Do you realize that Jesus spoke about money a lot too. So, I am in good company. In fact, 11 of his 39 parables in Luke are about money. For those that like numbers, that is 28% of the parables about this one subject.

This should show us that there is a real danger when it comes to how we view money. There is something here we need to pay attention to. And today, I want us to look at one of these parables in Luke to remind us how it is not who has the most toys that wins in the game of life, but that there are different types of rich and we need to be sure we are rich toward God.

The Parable

In Luke, we find an interesting interaction between Jesus and a guy that’s a part of a crowd who has been listening to Jesus. Jesus has been teaching and a crowd has gathered around him, pressing in to hear what he has to say.

Luke 12:13-21

 Someone in the crowd said to him, “Teacher tell my brother to divide the inheritance with me.”

Jesus replied, “Man, who appointed me a judge or an arbiter between you?” Then he said to them, “Watch out! Be on your guard against all kinds of greed; a man’s life does not consist in the abundance of his possessions.”

And he told them this parable: “The ground of a certain rich man produced a good crop. He thought to himself, ‘What shall I do? I have no place to store my crops.’

“Then he said, ‘This is what I’ll do. I will tear down my barns and build bigger ones, and there I will store all my grain and my goods.  And I’ll say to myself, “You have plenty of good things laid up for many years. Take life easy; eat, drink and be merry.”‘

“But God said to him, ‘You fool! This very night your life will be demanded from you. Then who will get what you have prepared for yourself?”

“This is how it will be with anyone who stores up things for himself but is not rich toward God.”

This story may seem strange to us, but for the times, it wasn’t uncommon. Jesus was recognized by many as a Rabbi, or teacher. If there was a dispute, it was common to take the dispute to a rabbi for adjudication. Here was a man whose father had died and he wanted his inheritance. The man obviously thought he was being treated unfairly in the distribution of that inheritance, and he wanted someone to make it right.
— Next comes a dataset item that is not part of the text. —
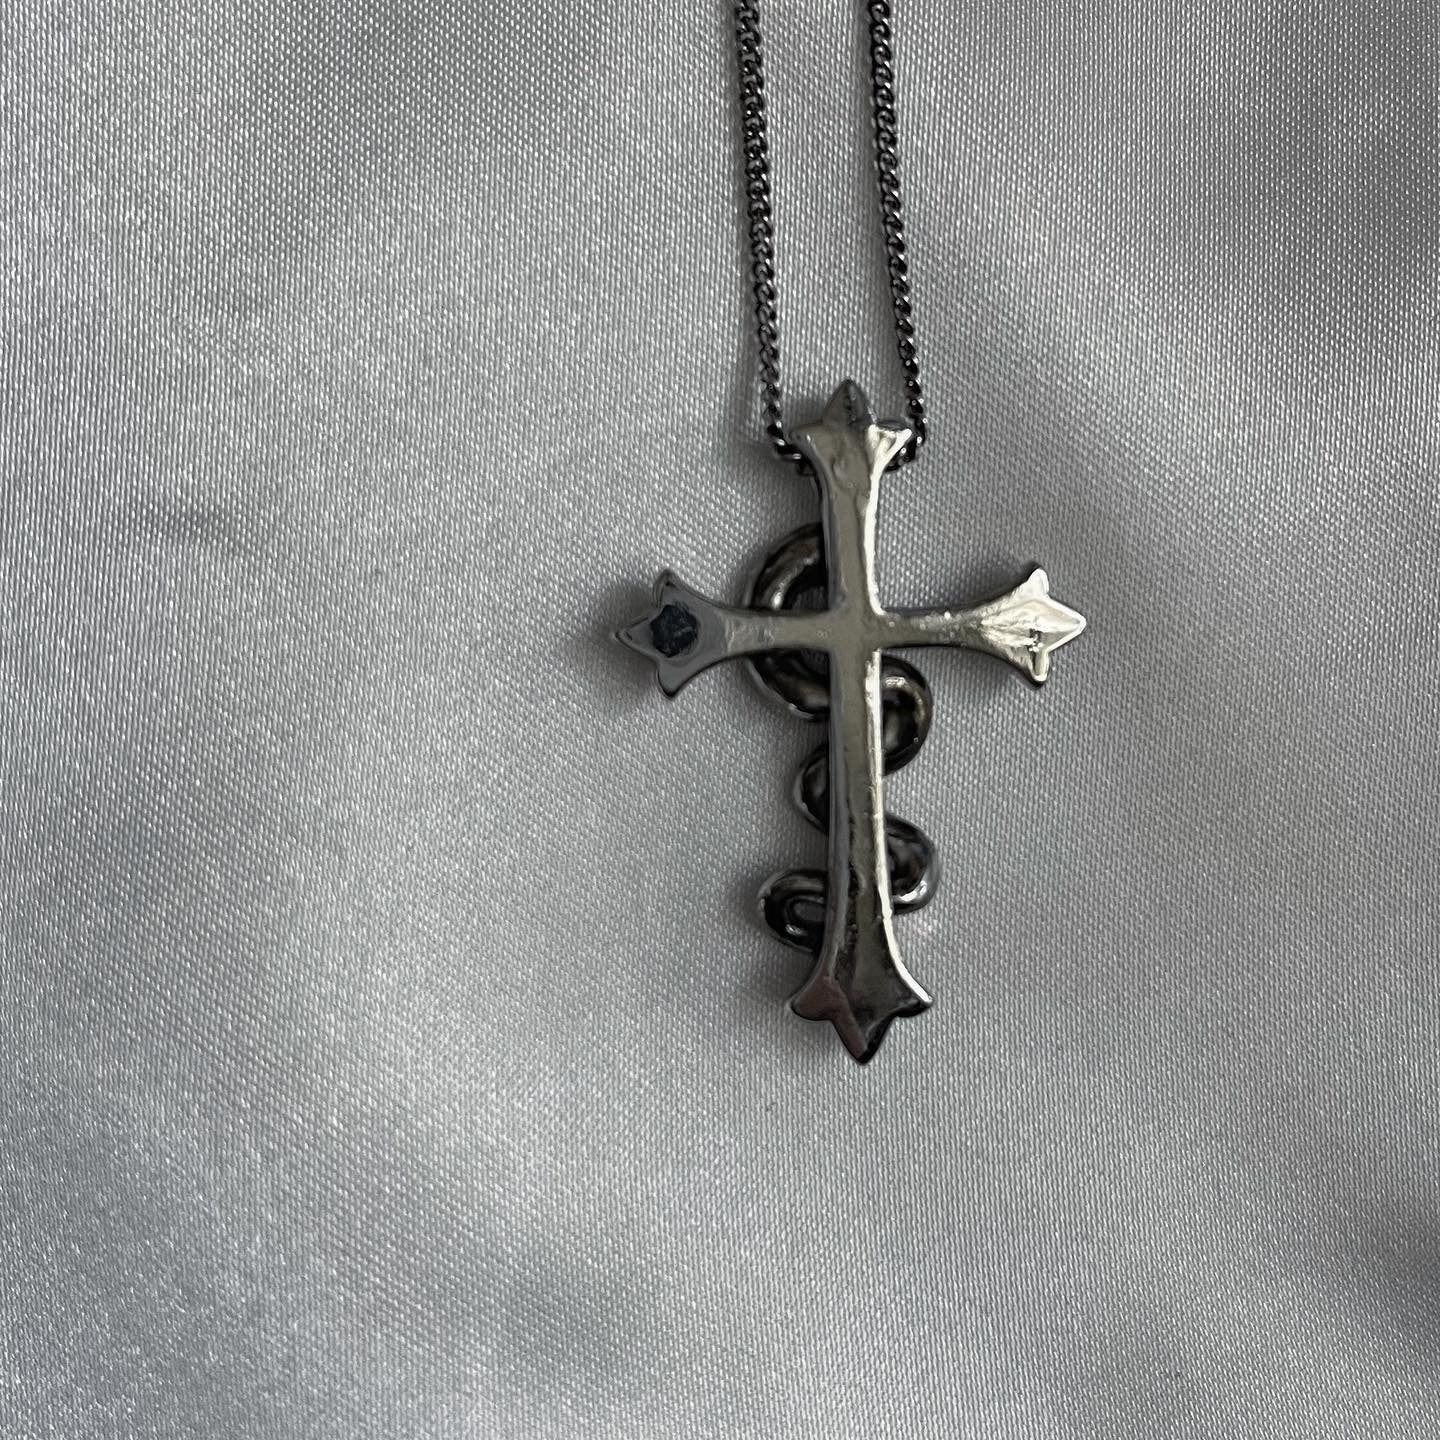 【再販】gibous cross snake necklace

So he went to Jesus hopeful that he would get the answer he wanted.

What is interesting is how the man words his request for Jesus to intervene. It is the way he makes his request that reveals to us what Jesus saw in this man’s heart. He doesn’t ask for Jesus to tell his brother to do what is fair, or to do what is customary according to Jewish law. He says, “Tell him to divide it with me.” In essence, he is telling Jesus, “I know I haven’t presented both sides of this case; you don’t know the entire story, but I still want you to decide in my favor.”

Jesus uses this as an opportunity to teach not just this man, but the entire crowd, a very important lesson about money, greed, and abundant life.

Abundant Possessions or Abundant Life

As we read this story, it is easy for us to make some assumptions about what Jesus is pointing out, but I want us to be cautious here. What we may think Jesus is calling out, he might not actually be making a judgment on. At first glance, we could read this and think that Jesus is telling us that having money is wrong, or that making money is wrong, or that saving for the future is bad. And with that line of reasoning, we then assume that Jesus is saying we can’t keep any of it, we are to give everything away, we can’t plan for the future, and we certainly shouldn’t have fun doing it. This guy wanted to eat, drink, and be merry, and that got him killed.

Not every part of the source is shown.